The other divers gathered their gear in silence. Everyone was feeling the loss of Alexander, but now was not the time to grieve. They needed to be fully present once they climbed aboveground again.

He checked his wrist computer—suit integrity was 100 percent and battery over 60. Next, he brought up the digital map of the city.

Rodger’s and Magnolia’s beacons were on the move again toward the target. Seeing they had made it through the night helped buoy his confidence.

“Everyone good?” Michael asked the divers.

Three nods.

“I’ll take point,” he said. “Keep quiet and listen for hostiles.”

He brought up his rifle and ducked into the exit tunnel. Slick moss grew in clumps on the bricks. He wasn’t sure what it was, but he had a feeling it was rife with bacteria.
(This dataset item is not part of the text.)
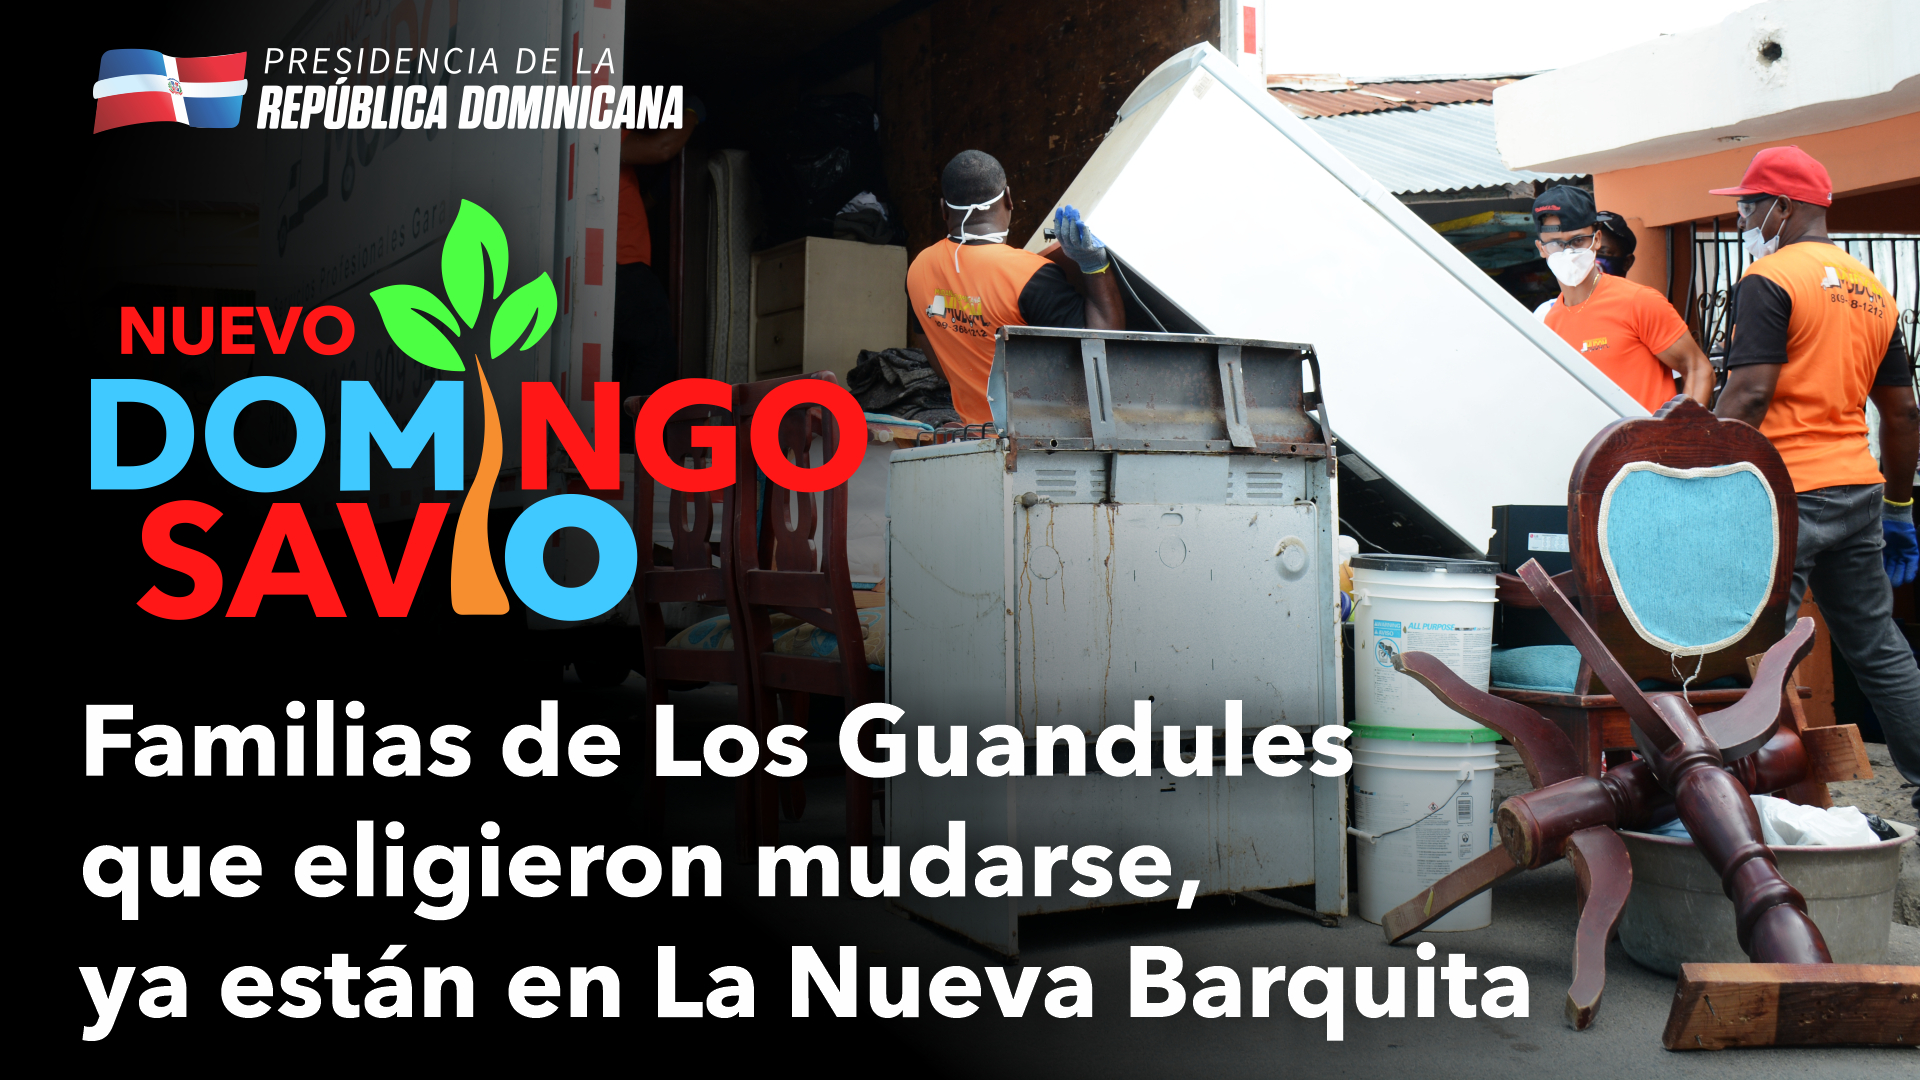 REPÚBLICA DOMINICANA: Primer grupo de familias de La Ciénaga y Los Guandules que eligieron mudarse a La Nueva Barquita ya están en sus apartamentos

“Watch for anything that could tear your suit,” he said.

A spider scuttled across the ceiling and vanished into a crack. Michael pulled out his knife and slashed through the web ahead.

The sticky material was surprisingly strong. He crouched and signaled everyone to turn off their helmet lights. Absolute darkness enveloped the divers.
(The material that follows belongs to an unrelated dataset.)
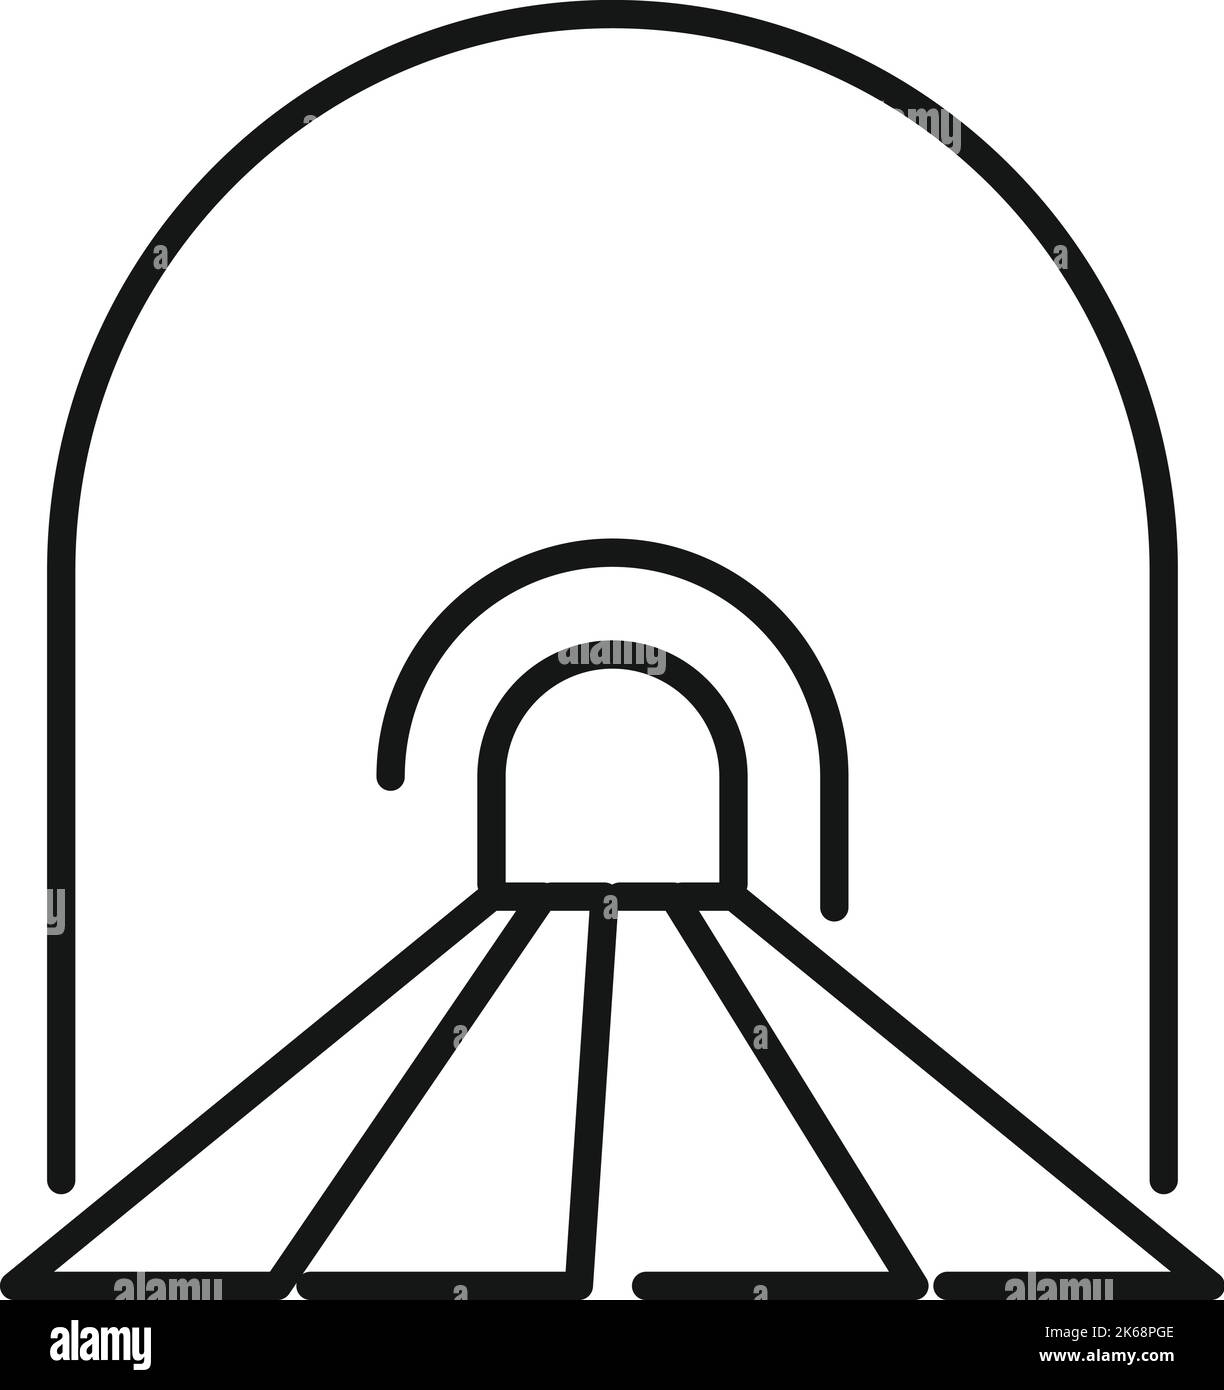 Vektorgrafik für den Umriss des unterirdischen Tunnels. Straßenwagen. Blickstein Stock Vektor

Michael listened for grunts or skittering claws but heard only the drip of water. A light flashed as he started to switch on his NVGs. He kept the optics off and stared into the blackness, waiting.

A moment later, the purple light flashed in the adjoining tunnel to their right. The glow was weak, but it came again and again.
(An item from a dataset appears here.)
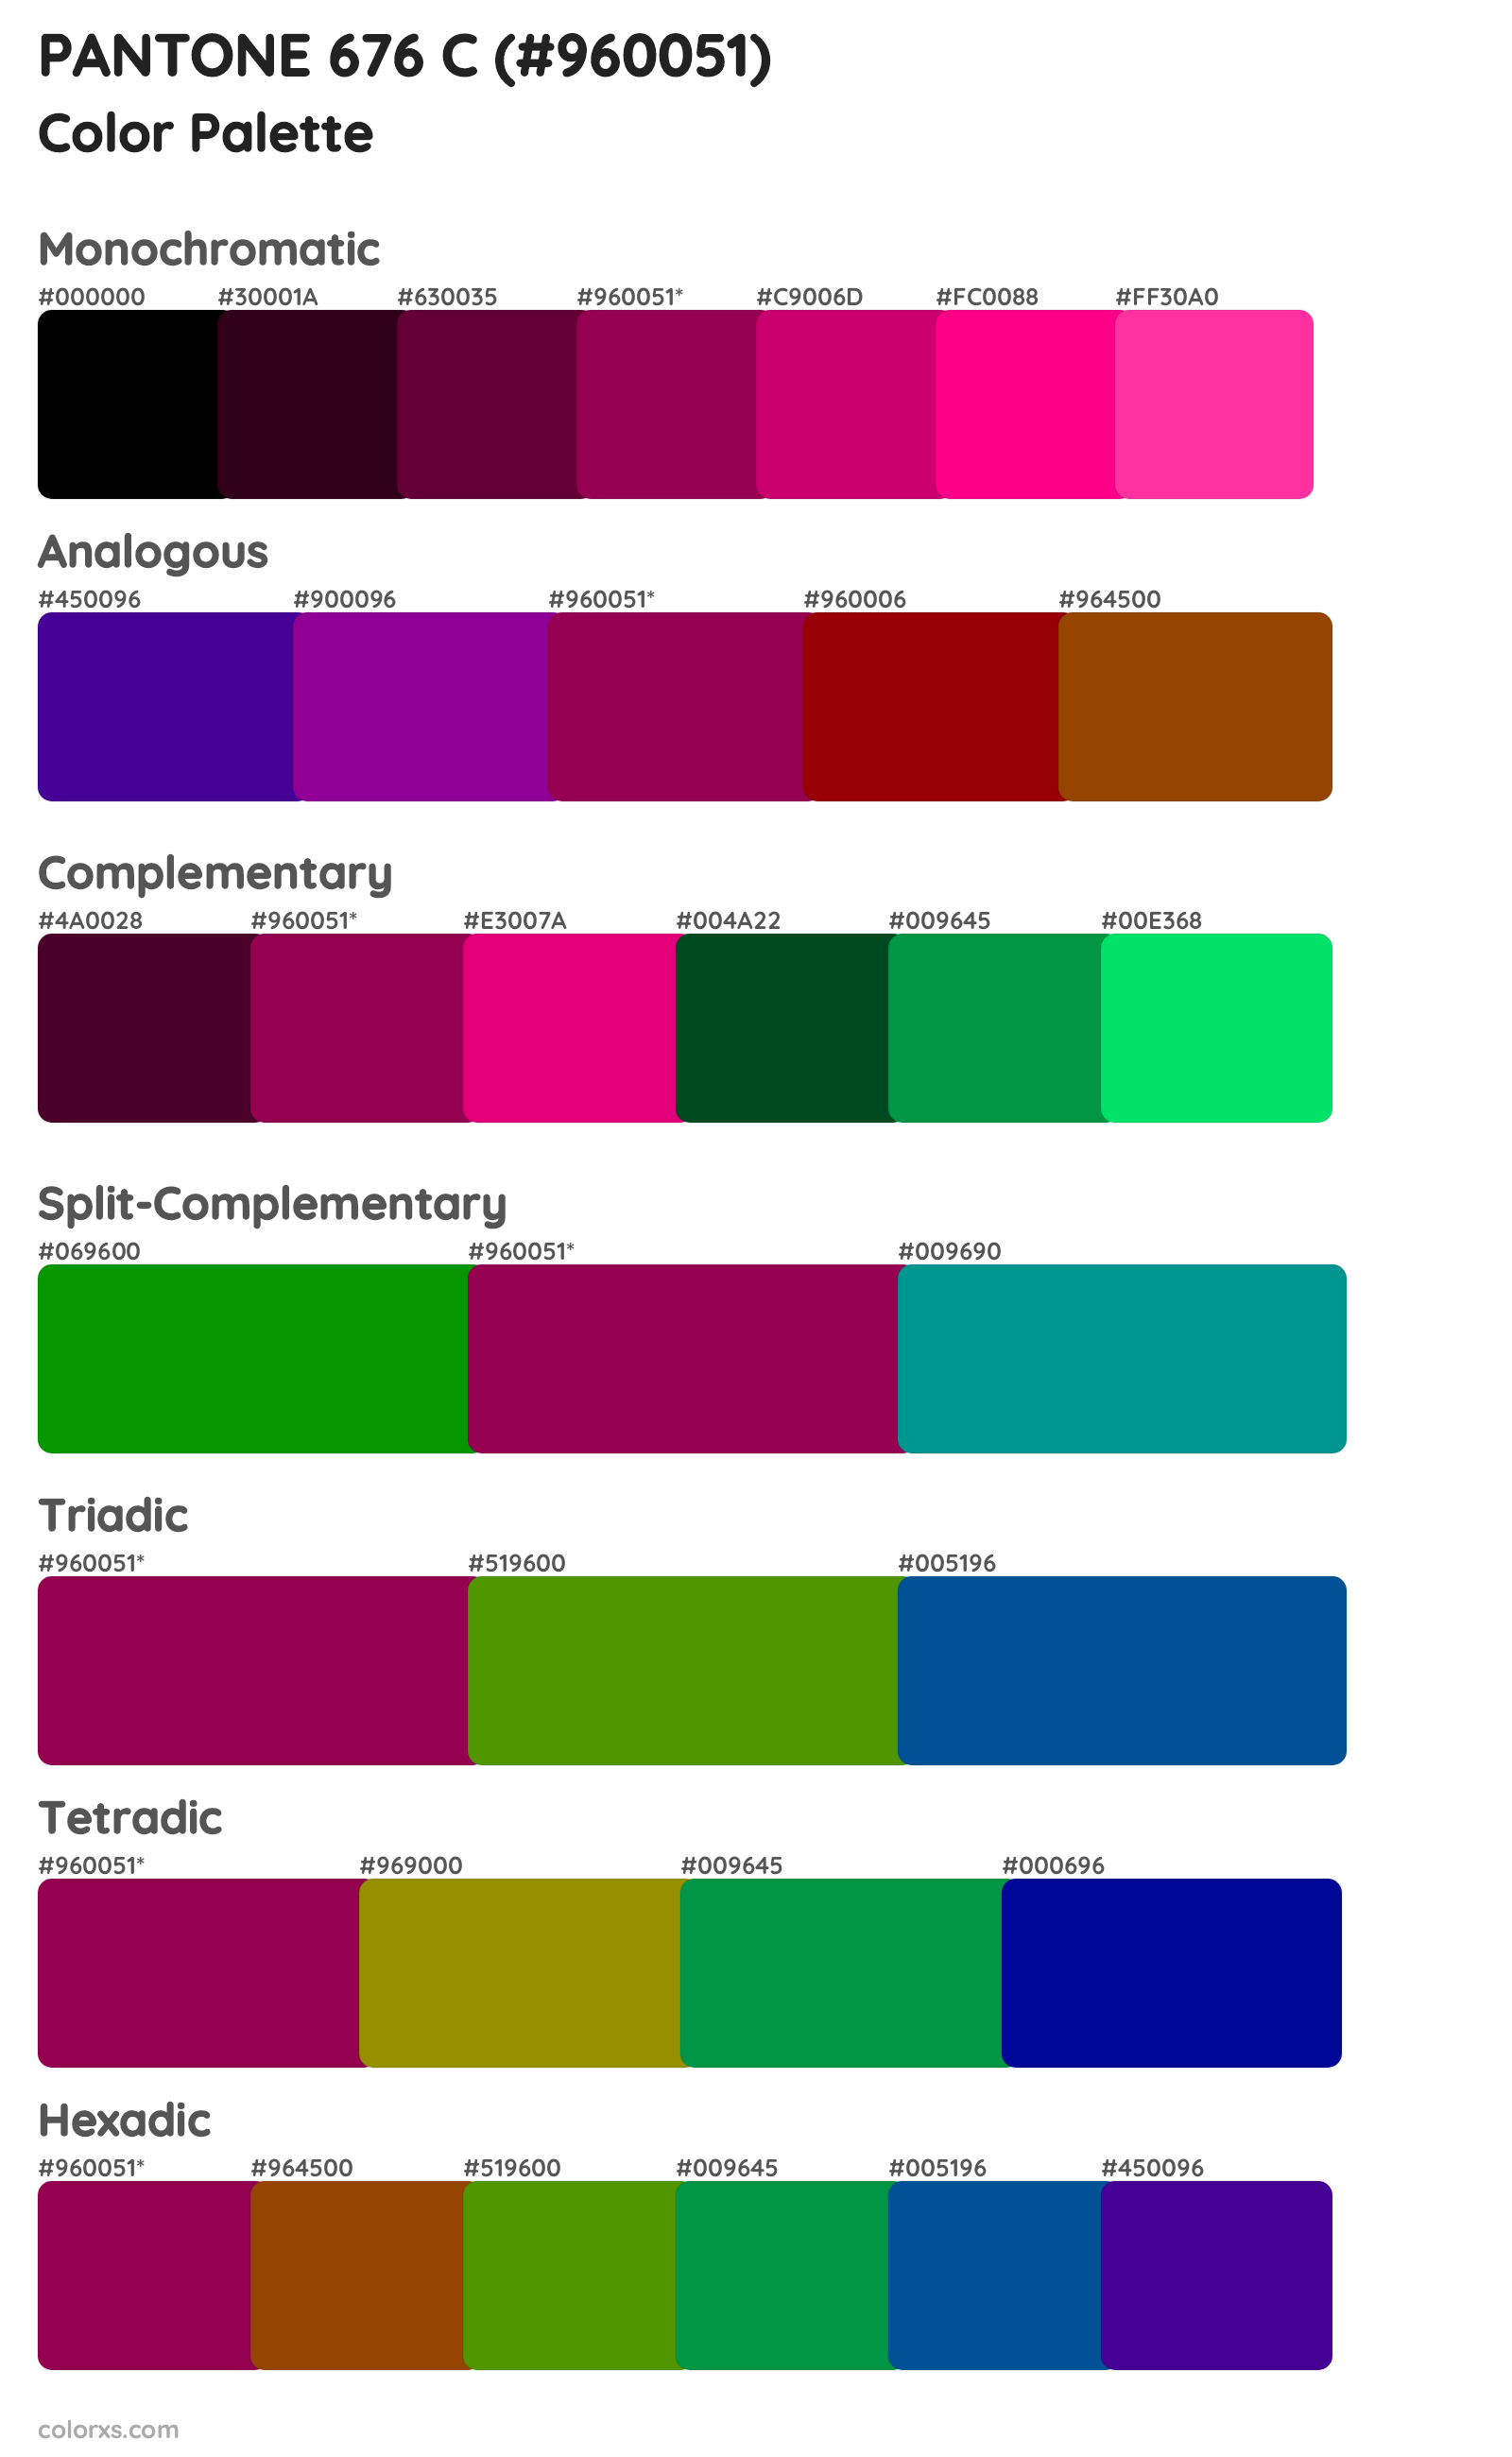 PANTONE 676 C Color Scheme Palettes

He motioned for the divers to follow him into the intersection. They hugged the wall and moved with barely audible footsteps.

When Michael got to the corner, he aimed his rifle to the left side of the passage, switching on his NVGs and then his infrared. Seeing no evidence of life, he inched closer to the corner and glanced around.

The scan came back void of contacts, but he did see the source of the light. It was coming from the ceiling. He had discovered a way out.

Pulling up his wrist monitor, he saw the first good news since they landed. The source of the SOS was a quarter mile away. The tunnels had led them safely under the city, almost to the doorstep of the bunker.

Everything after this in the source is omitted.